Description
System Info
- Ubuntu 20.04
- NVIDIA A100
Who can help?
Information
- The official example scripts
- My own modified scripts
Tasks
- An officially supported task in the
examples
folder (such as GLUE/SQuAD, ...) - My own task or dataset (give details below)
Reproduction
- docker run -itd --gpus=all --shm-size=1g -p8000:8000 -p8001:8001 -p8002:8002 -v /share/datasets:/share/datasets nvcr.io/nvidia/tritonserver:24.07-trtllm-python-py3
- code version is 0.11.0
git clone https://github.com/NVIDIA/TensorRT-LLM.git
git clone https://github.com/triton-inference-server/tensorrtllm_backend.git - Perform some serving inference calls by aiohttp
Expected behavior
All request are successfully processed and no error
actual behavior
When the server performs multiple inferences, such as 5000 times, it raise error
malloc(): unaligned tcache chunk detected
Signal (6) received.
Both continuous and intermittent (such as one day) inference will cause this error.

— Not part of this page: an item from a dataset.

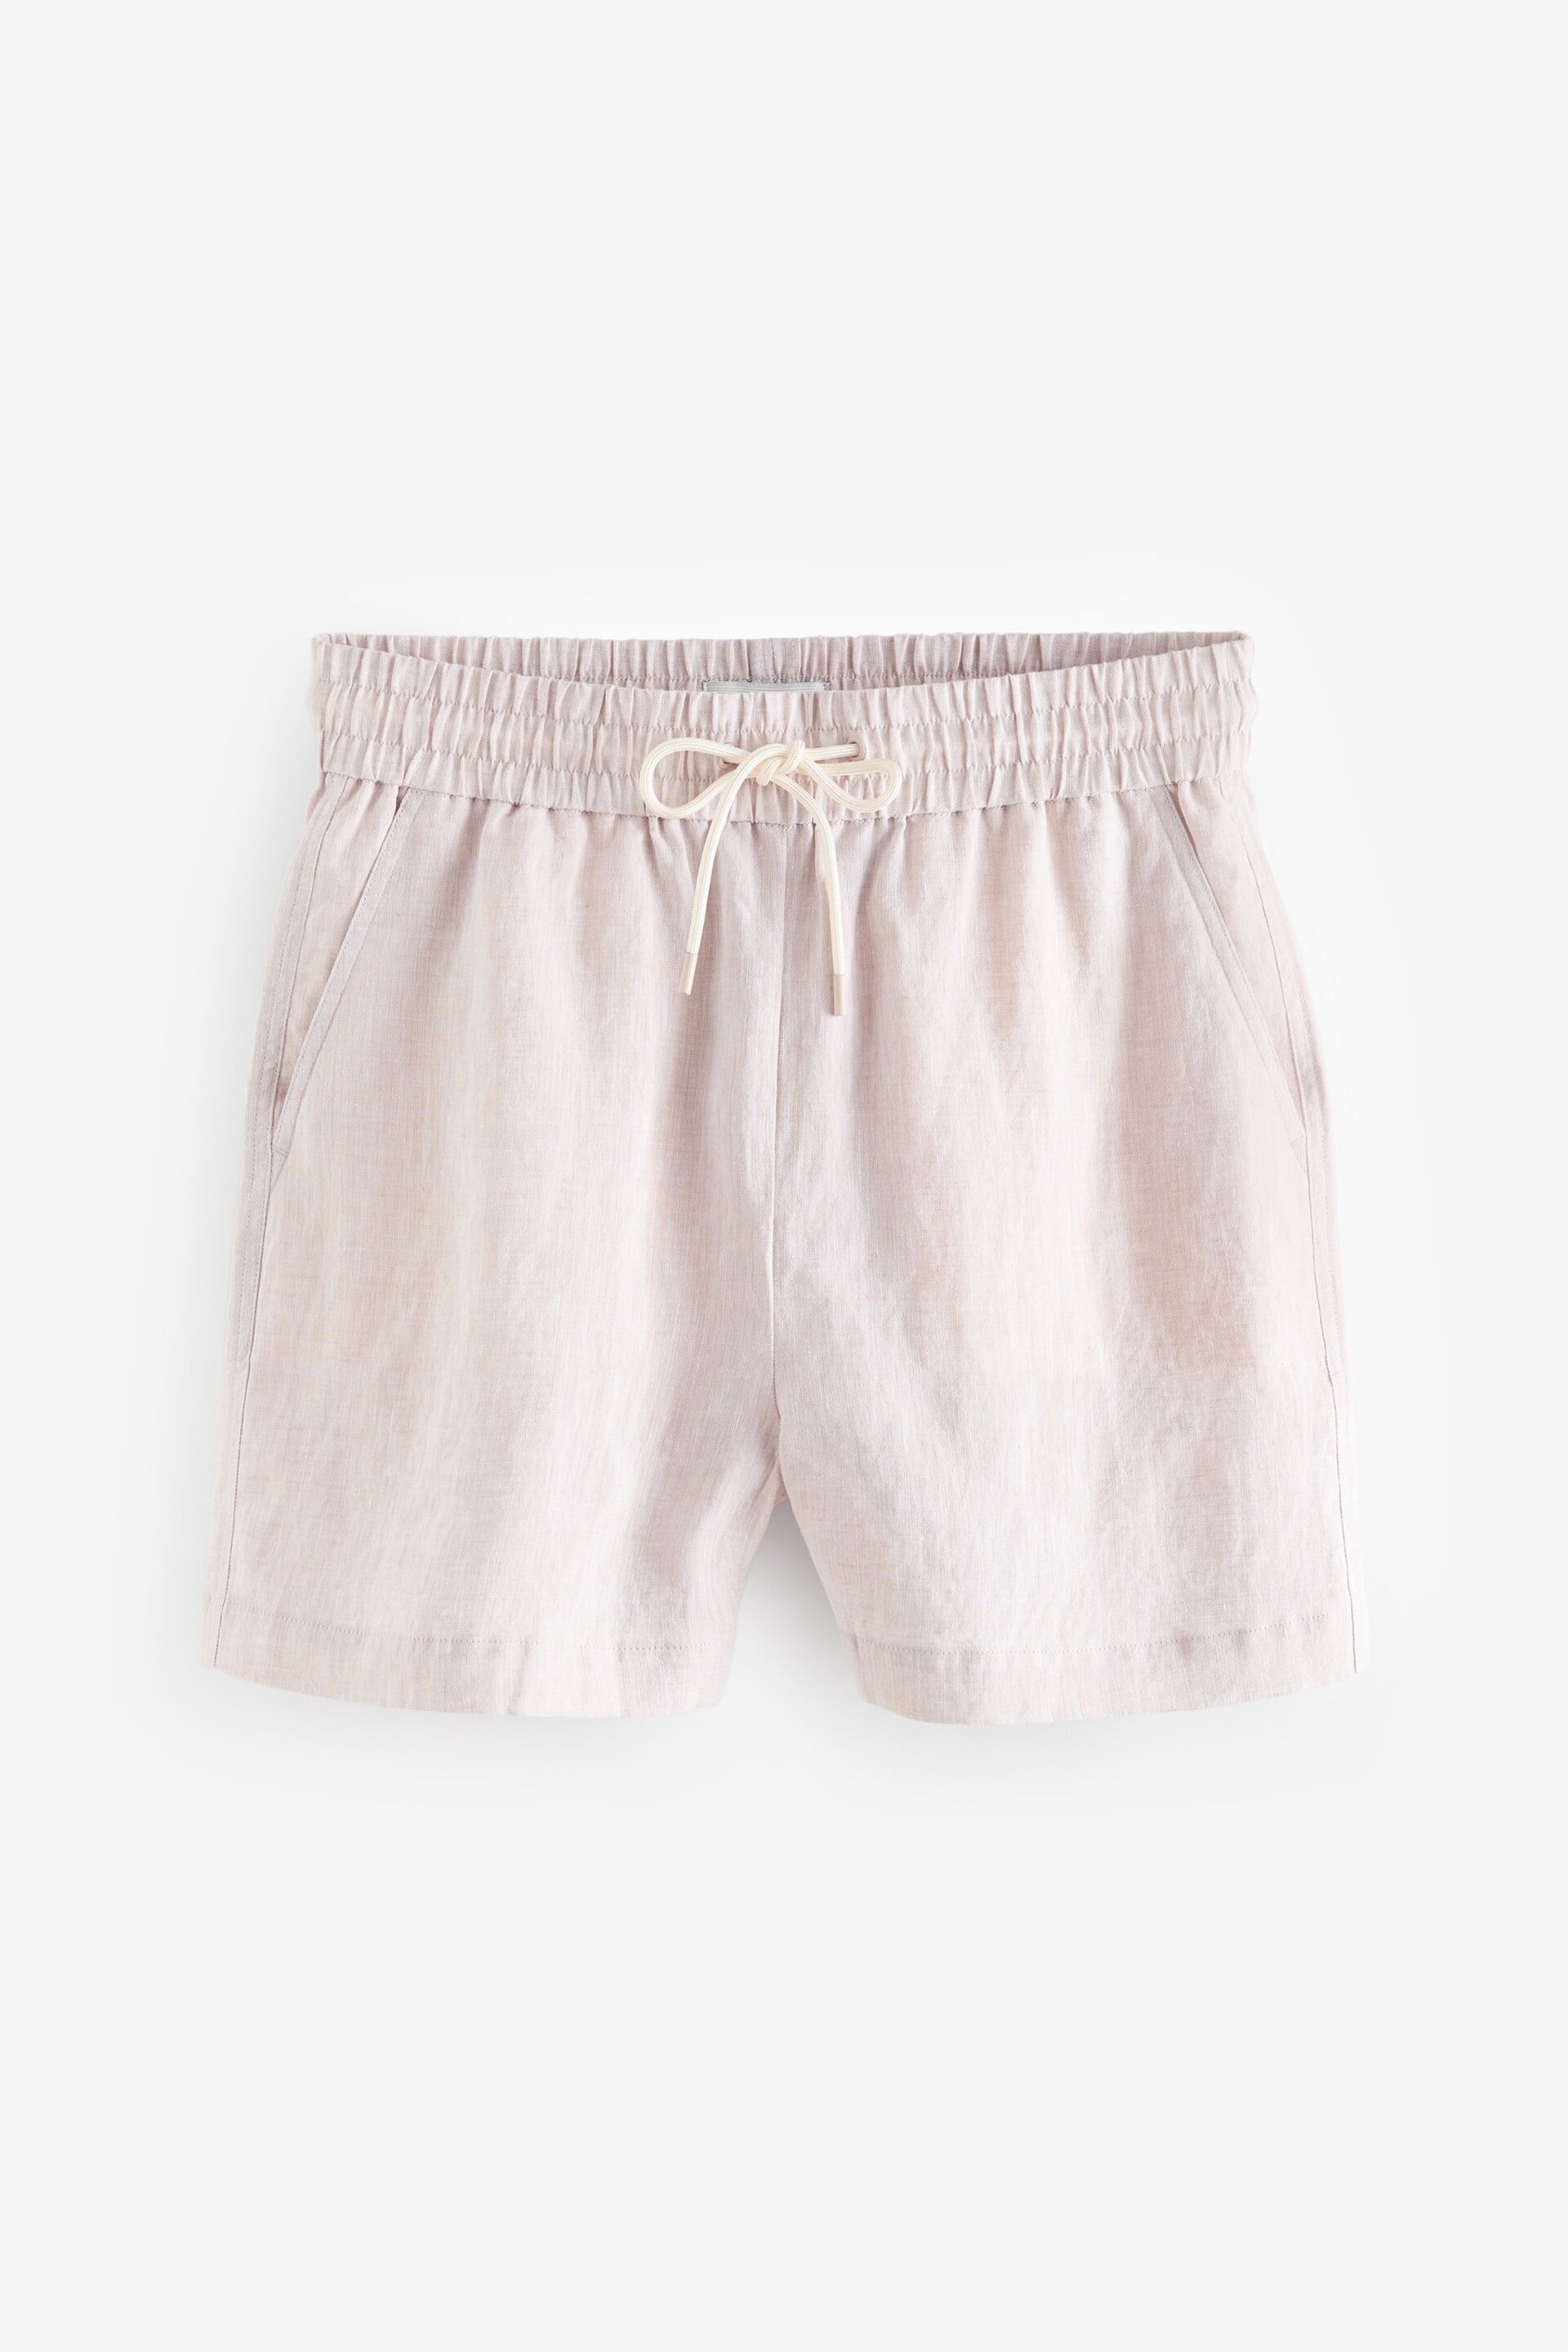 Natural 100% Linen Boy Shorts - Image 6 of 6

When I calls 8000 inferences in one test, it raise error
pinned_memory_manager.cc:170] "failed to allocate pinned system memory, falling back to non-pinned system memory
Finally I set parameter cuda-memory-pool-byte-size to 512M and pinned-memory-pool-byte-size to 512M and solve this problem, but these two parameters are not exposed in the script scripts/launch_triton_server.py, so I want to ask why this problem occurs and if there is any other way to solve this problem.
When I call the server with high concurrency it raise error
malloc_consolidate(): unaligned fastbin chunk detected
Signal (6) received.
Hope you can help me solve these problems, thanks very much!
additional notes
I think this seems to be because the server does not completely clean up the memory after each inference is completed.